What do physicists mean by solving the Ising model? To me, an Ising model is a setting of discrete objects, that have attributes (spins) that contribute to energy based on interactions with nearby objects. With the energy function (Hamiltonian) written down, we can write down the partition function. 
However, I don't get what physicists mean by "solving" the model. What aspects of this model do they want to get? What do they mean by a solution?
 A: Another commonly used notion of "solving a theory" is to find a procedure to compute, at least in principle, all local observables. Sometimes one might also add non-local observables to the mix, it depends on what people are most interested about.
Local observables are correlation functions $\langle O_1(x_1)\cdots O_n(x_n)\rangle$, where $O_i$ may be the spin field $\sigma$, but may also be any other operator of the theory. Knowing the spectrum of operators is part of finding a solution.
One has a variety of methods for approximating those functions, but there are always some regimes where the approximations break down or sometimes they become impossible to deal with after a certain order. A solution would be a procedure that gives exact results and does not suffer from any limitation to its validity nor its applicability in practice.

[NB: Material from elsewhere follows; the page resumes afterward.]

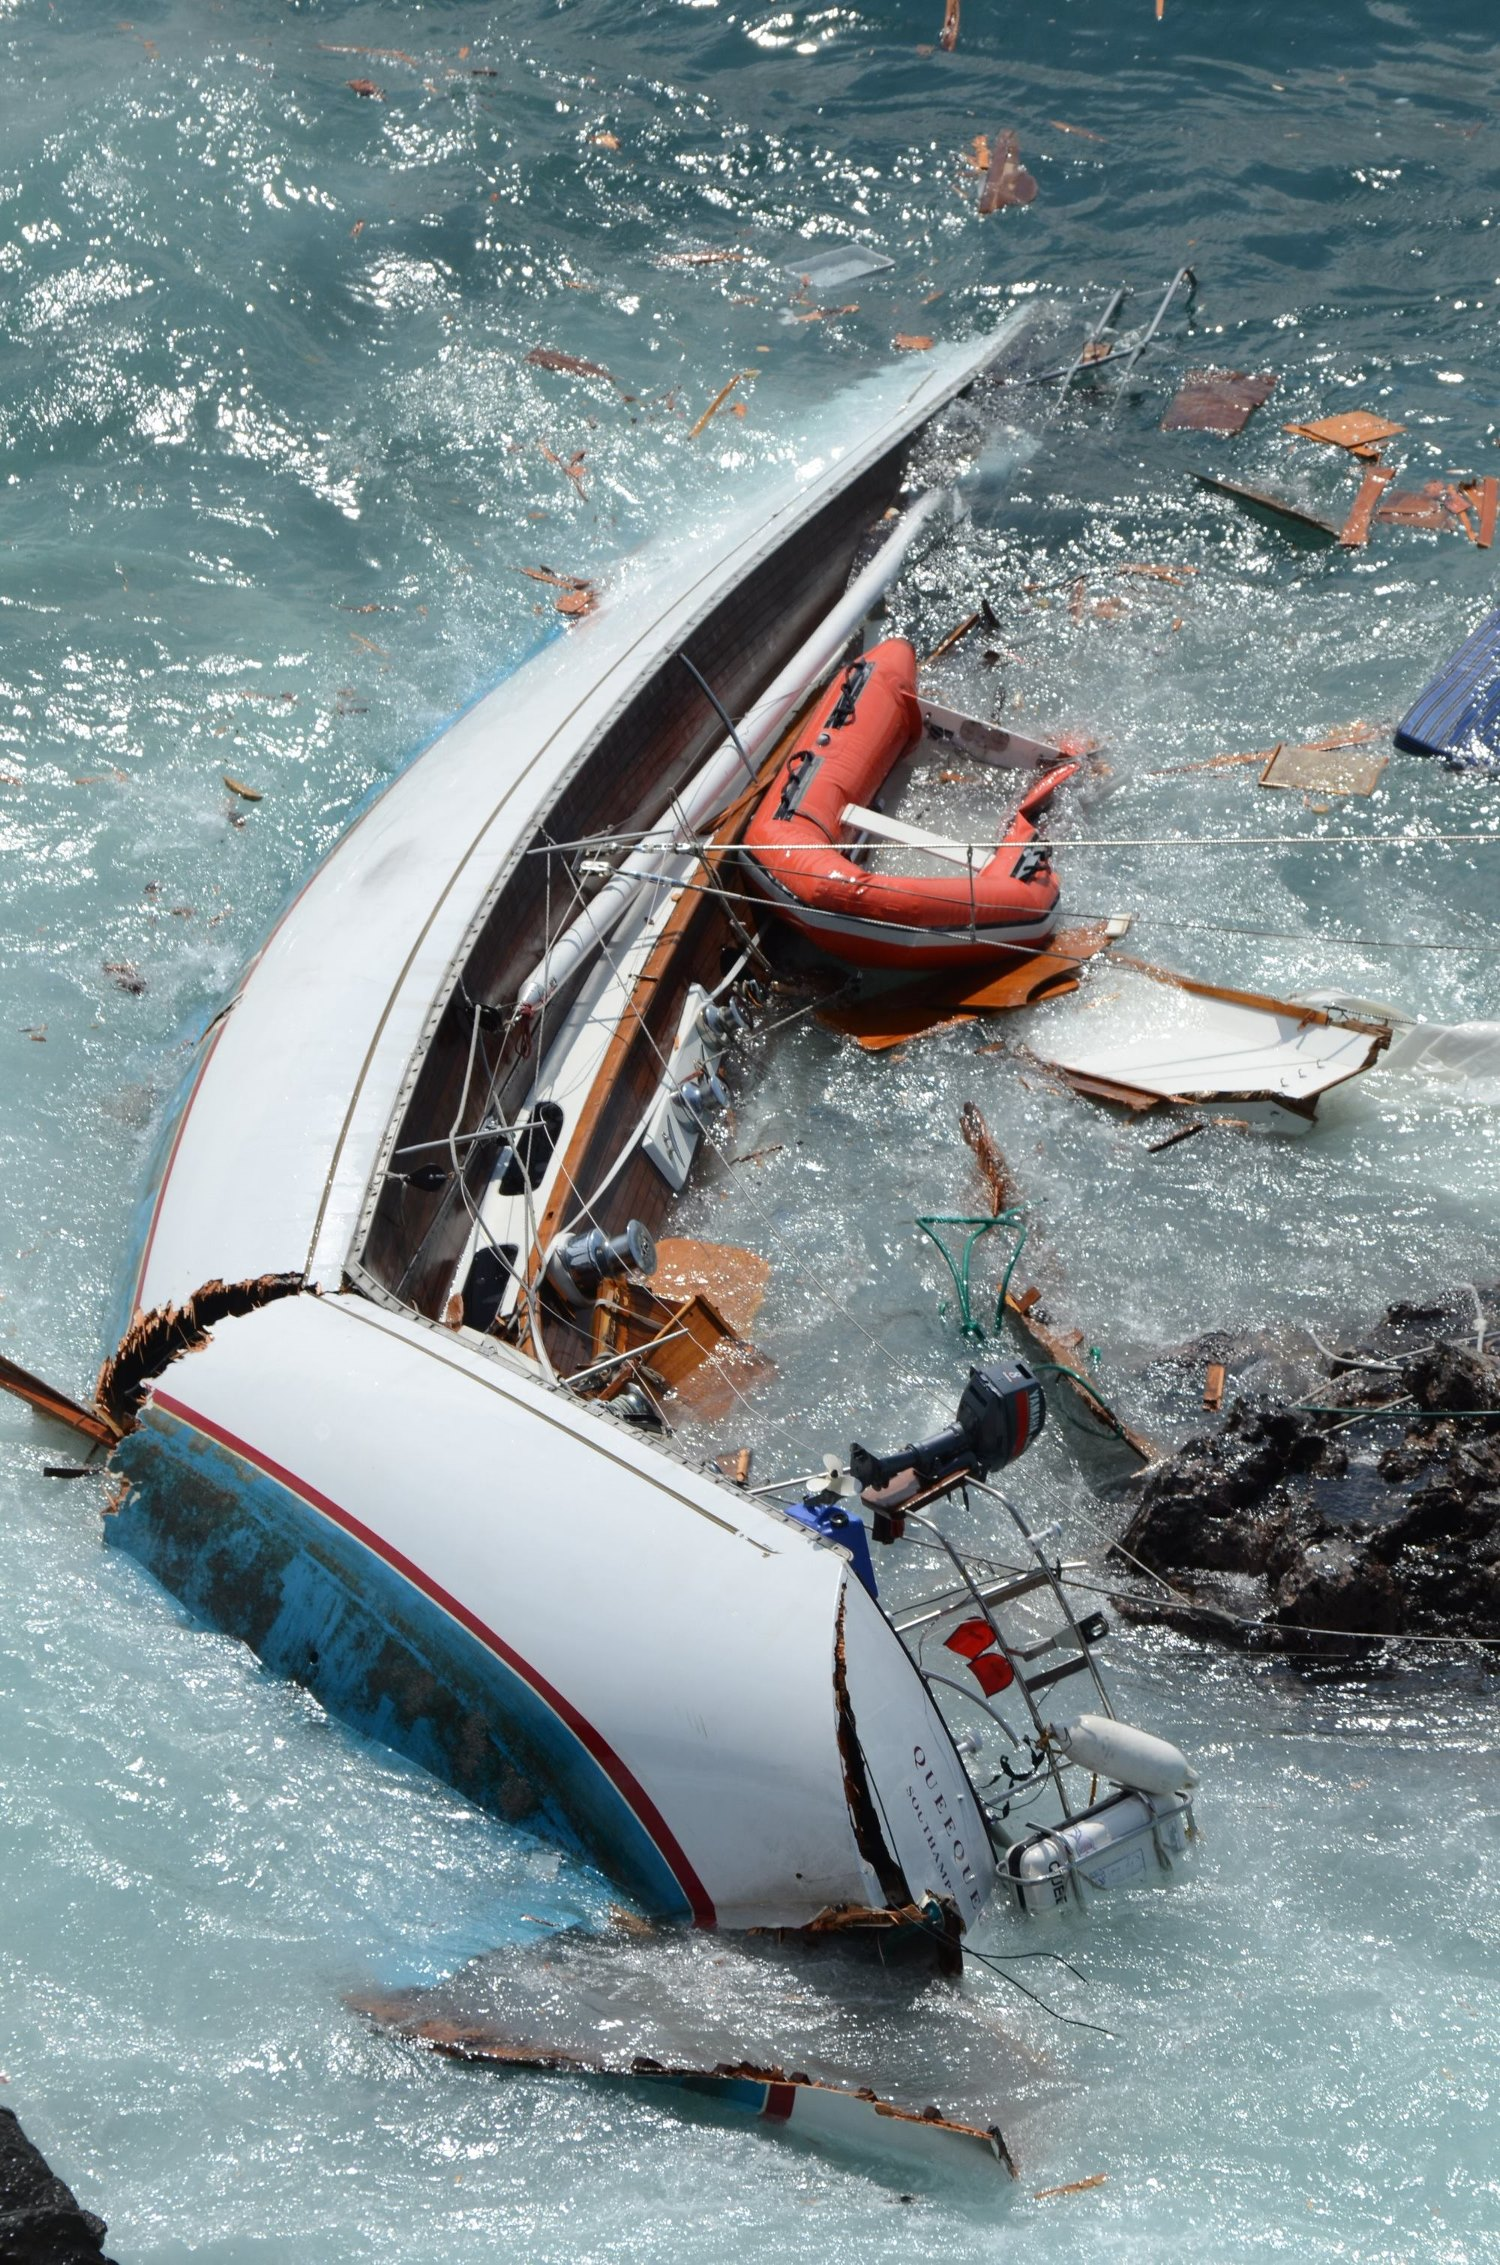 Segelyacht im sturm  Segeln: SOS-Bilderseite 2011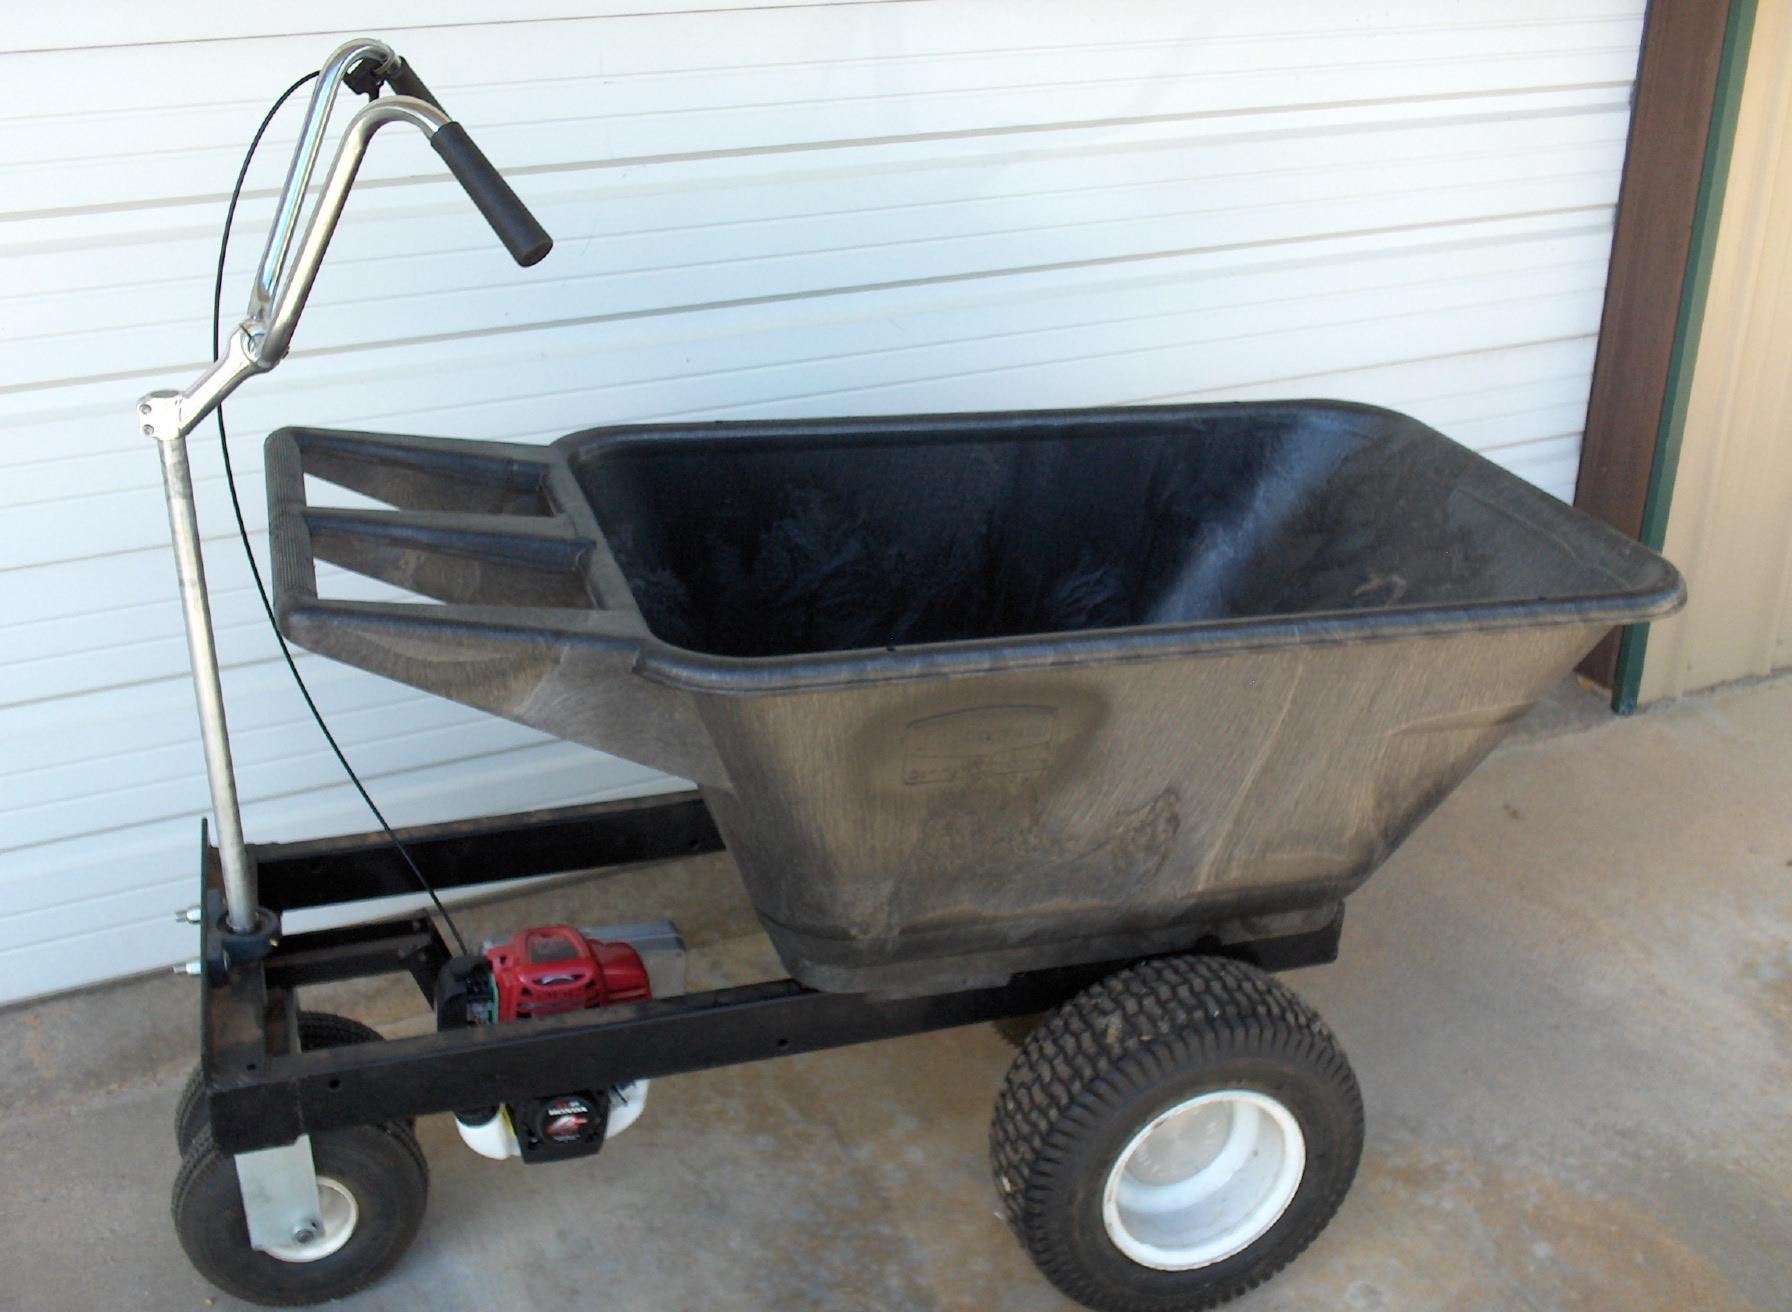 7 5 cubic foot motorized wheelbarrow honda gx35 staton inc for Motorized wheelbarrows for sale

I'm going to make a list of some theories that have been solved so you get the flavor. Stop whenever you feel bored.
Free theories
A free theory of a field $\phi$ has an exact solution because the spectrum is made of all operators of the form $\partial^{n_1}\phi \partial^{n_2} \phi \partial^{n_3}\cdots \partial^{n_k}\phi$ and the correlators are obtained by doing Wick contractions. The two-point function, which is the propagator, is of course known exactly.
Two dimensions
The Ising model in $2d$ has an exact solution. All correlation functions $\langle \sigma_{i_1}\sigma_{i_2}\cdots \sigma_{i_k}\rangle$ can be obtained by taking suitable derivatives of the partition function with respect to the parameters $J_1$ and $J_2$. It may be a tedious task, but completely determined.
Other examples of exactly solved models are the minimal models in $2d$ CFTs (the Ising model at criticality is actually one of them). There are only a finite number of operators and their $n$-point functions are entirely fixed by the representation theory of the Virasoro algebra. So there are well defined algorithms to obtain them explicitly.
Actually, in $2d$ CFTs, because of the Operator Product Expansion (OPE), one only needs to compute three-point functions since the higher points can be always reduced to fewer points by using the OPE. Another example of a solved theory is therefore the Liouville CFT where the three-point functions are known in an explicit form by the DOZZ formula.
Three dimensions
Examples of exactly solved theories in higher dimensions are rarer. Sometimes they require some rigid structure. An example is when the theory is topological.
For pure Chern-Simons in $3d$ (which is topological) we know how to compute the partition function and also how to compute all non-local observables. There are no interesting local observables, the only things one should look at are correlators of Wilson loops. Both the partition function and the correlators of Wilson loops are related to topological invariants. In particular, the latter are knot invariants (like HOMFLY and Jones polynomials) of the loop configuration. These are defined algorithmically and are easy to compute.
Zero dimensions
Yes, QFT in zero dimensions, namely matrix models. The partition function of a matrix model is simply a multivariate integral over an ensemble of matrices. Clearly this could be regarded as "solved" already, but that's not what we want. We want to send the size of the matrices $N\to\infty$. This limit makes the integrals non-trivial but they can be exactly solved. In a few words, it is possible to compute in closed form the probability distribution of the matrix eigenvalues $\rho(\lambda)$ (I'm talking about hermitian matrices here). So all correlators (namely moments of the ensemble) can be evaluated as ordinary integrals weighted by $\rho(\lambda)$.
Four dimensions
We wish.
A: I think most physicists mean computing the partition function. So, given a lattice $L$ with edges $E(L)$ and vertices $V(L)$, solving the corresponding Ising model would mean to compute
$$Z(\beta,h):=\sum_{s\in\{-1,1\}^{V(L)}}e^{-\beta H_h(s)},$$
with
$$H_h(s):=J\sum_{\{p,q\}\in E(L)}s(p)s(q)+h\sum_{p\in V(L)}s(p).$$
Computing this partition function then allows to deduce other thermodynamical quantitites by taking derivatives with respect to the thermodinamical variables $\beta$ and $h$.
A: In physics, solving a model are sometimes ambiguous. But if someone is from a physics background, they will immediately understand from solving an Ising model is to solve the Schrodinger's equation for that model. So the Hamiltonian for a general Ising model is $$H(\sigma)=\sum_{i,j}-J_{ij}\sigma_i\sigma_j-\mu\sum_jh_j\sigma_j$$
Now can we solve the eigenequation for this Hamiltonian i.e. $H\psi=E\psi$, which is nothing but the Schrodinger's Equation. By solving the eigenequation, we can know Energy eigenvalues of the system. Now using the partition function one can calculate the probability of the system to be in a particular eigenstate at a given temperature.